Роман, каких тысячи Глава10

               



    Что  он  знал  определенно,  так  это  то,  что  никого  и  никогда  в  жизни  он  так  не  любил…  С  ней  он  забыл  ту,  что   болезненно  терзала  его  память  на  протяжении  многих  лет,   ту  «единственную», как он  тогда  считал,  но  которая  не  могла  ему  принадлежать  по  причине  своего  замужества  и  материнства  и  невозможность  быть  с  ней   расценивалась  им,  как  катастрофа  всей  его  жизни.  Оказалось,  что  все  прежнее  было  слишком  эгоистичным, слишком  воображаемым, неразвитым  чувством,  потому  что  сам  он  был  слаб  и  неразвит. Он  никогда  не  ощущал равную взаимность, востребованность  своей  любви. Н.  была  ни  на  кого  не  похожа  и  поэтому  весь  его  прошлый  опыт  не  имел  никакого  значения,  и  сейчас опыт  этот  смыло  начисто  и  удивительно  легко,  не  оставив  никакого  сожаления  о  прошлом  счастье,  которое  -  он  помнил  -  было.  Он  больше  ничего  не  берег  и  не  холил  в  своих  воспоминаниях. 

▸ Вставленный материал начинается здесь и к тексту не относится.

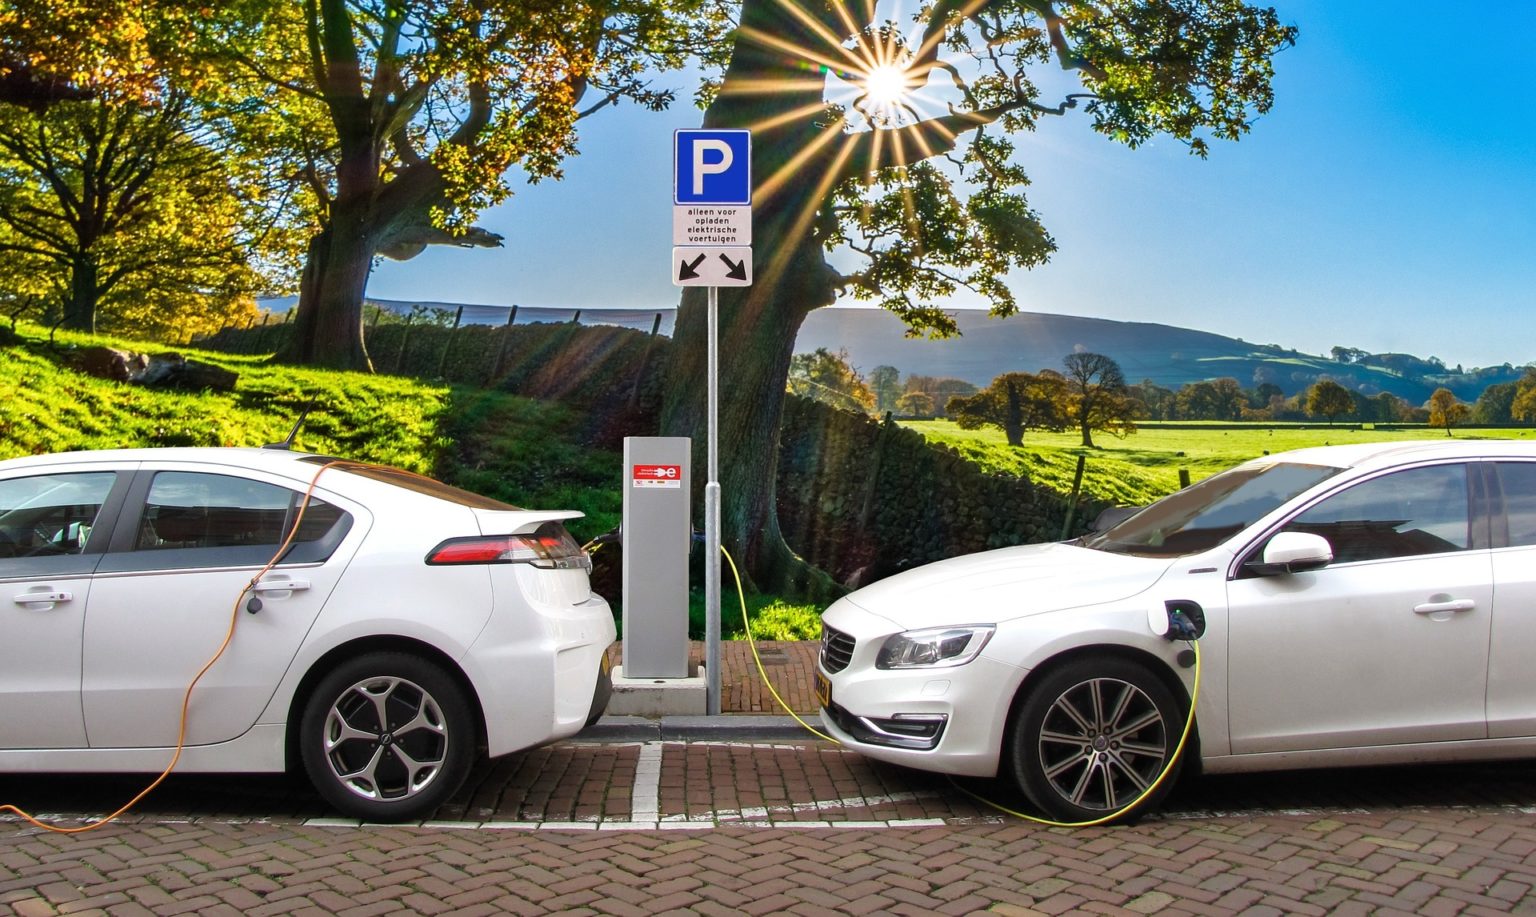 Electric vehicle charging stations coming – Greater New Orleans
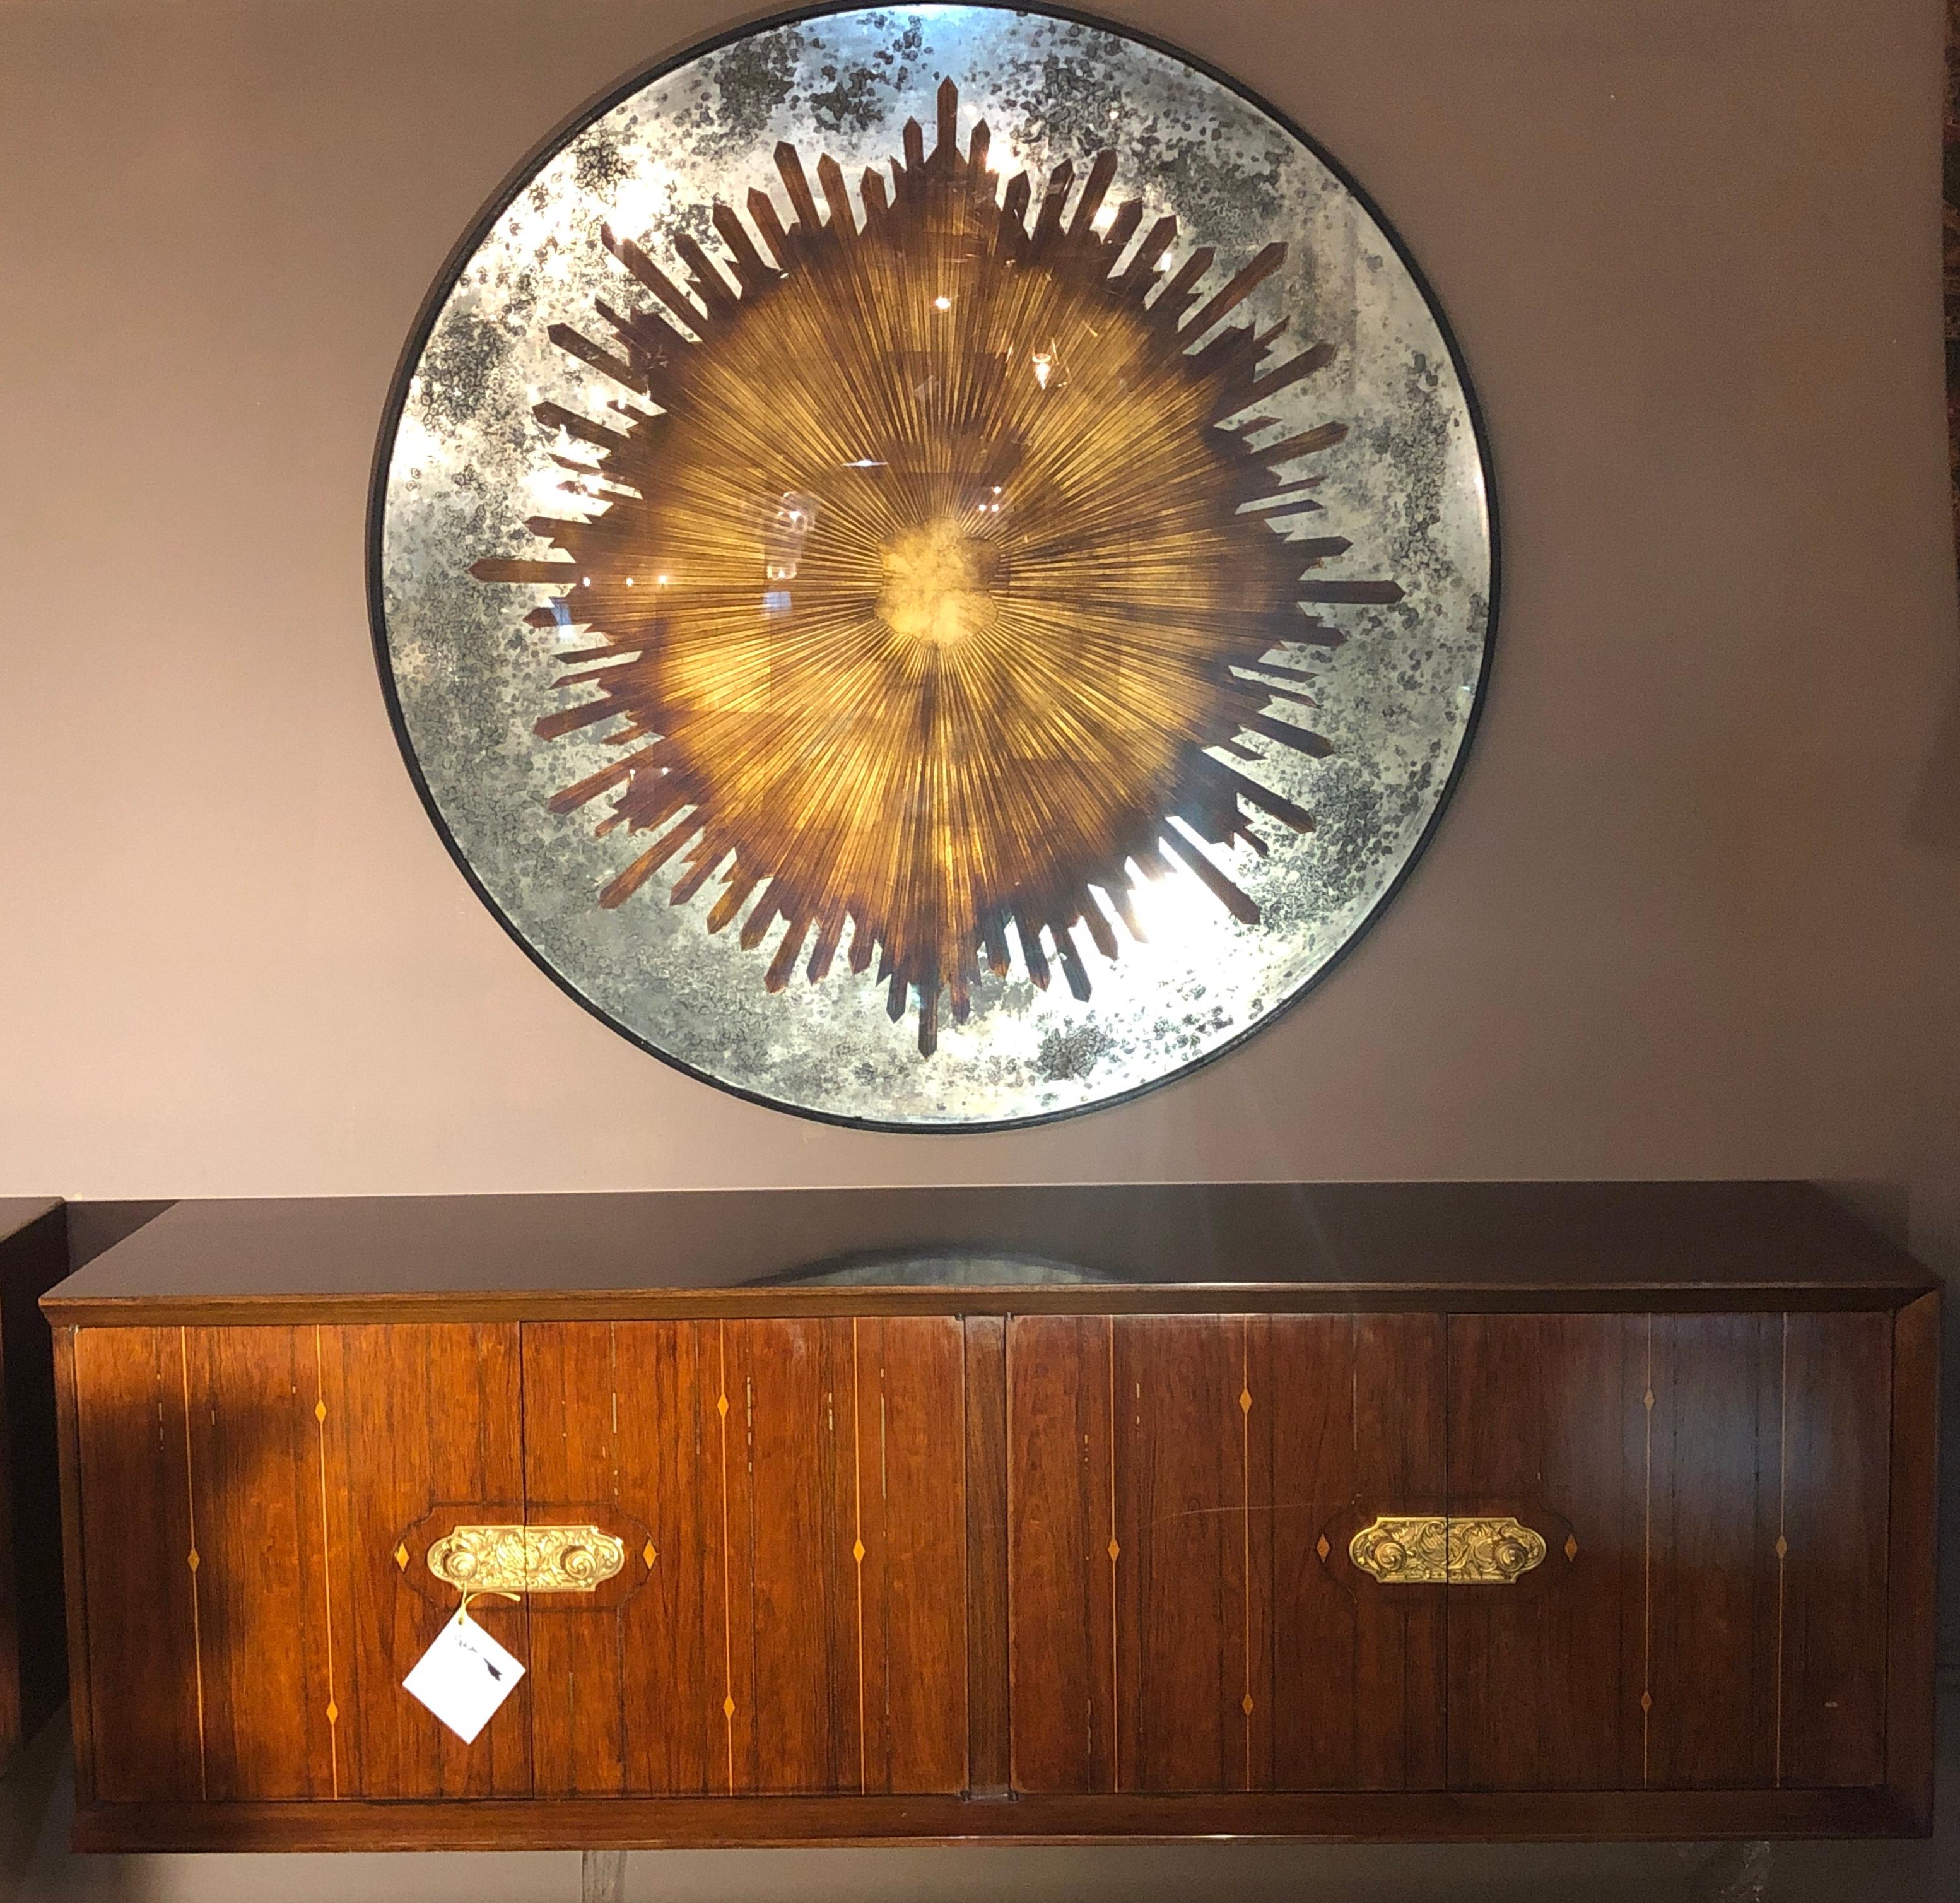 Monumental carved gilt gold and silver glass Art Deco sunburst wall mirror or tabletop. This spectacular finely decorative mirror would make a splash whether hanging on the wall or sitting upon a metal table base. Can easily be used as a centre or

    В  то  же   время  он  понимал,  что  он  отнюдь  не  «tabula  rasa»,  на  которой  можно  все  писать  заново. Шесть  лет  назад  он  женился. Не  случайно,  не  очертя  голову. Не  только  потому,  что  надо  было  спасться  от  краха  пережитой  неразделенной  любви, грозившей  обернуться  крахом  его  жизни  вообще. К  тому  времени  он  уже  стал  успокаиваться,  но  хотел  еще  большего  -   необратимого  покоя,   своего  дома,  своей  семьи,  хотел  ребенка. Он  чувствовал,  что  для  него  настала  пора  исполнить  предписанный  свыше,  разумный  мужской  долг,  от  которого  нельзя  быть  свободным,  и  дальше  тянуть  с  этим  он  не  мог. Случайно  возникшая  связь  на  вечеринке  в  честь  шестидесятилетнего  юбилея  кафедры  оказалась  как  нельзя  кстати  в  этом  смысле,  тем  более,  что  скоро  переросла  в  искреннюю  сердечную  привязанность  и  новые  радости  бытия  вскоре  захватили  его  целиком,  почти  целиком.  Рождение  Даши  укрепило  его  в  правильности  выбора нормального  счастья. «Вот  женщина,  которую  он  будет  любить  всегда»  - подумал  он,  впервые  взяв новороденную  дочь  на  руки  в  вестибюле  родильного  дома  на  Фурштадской.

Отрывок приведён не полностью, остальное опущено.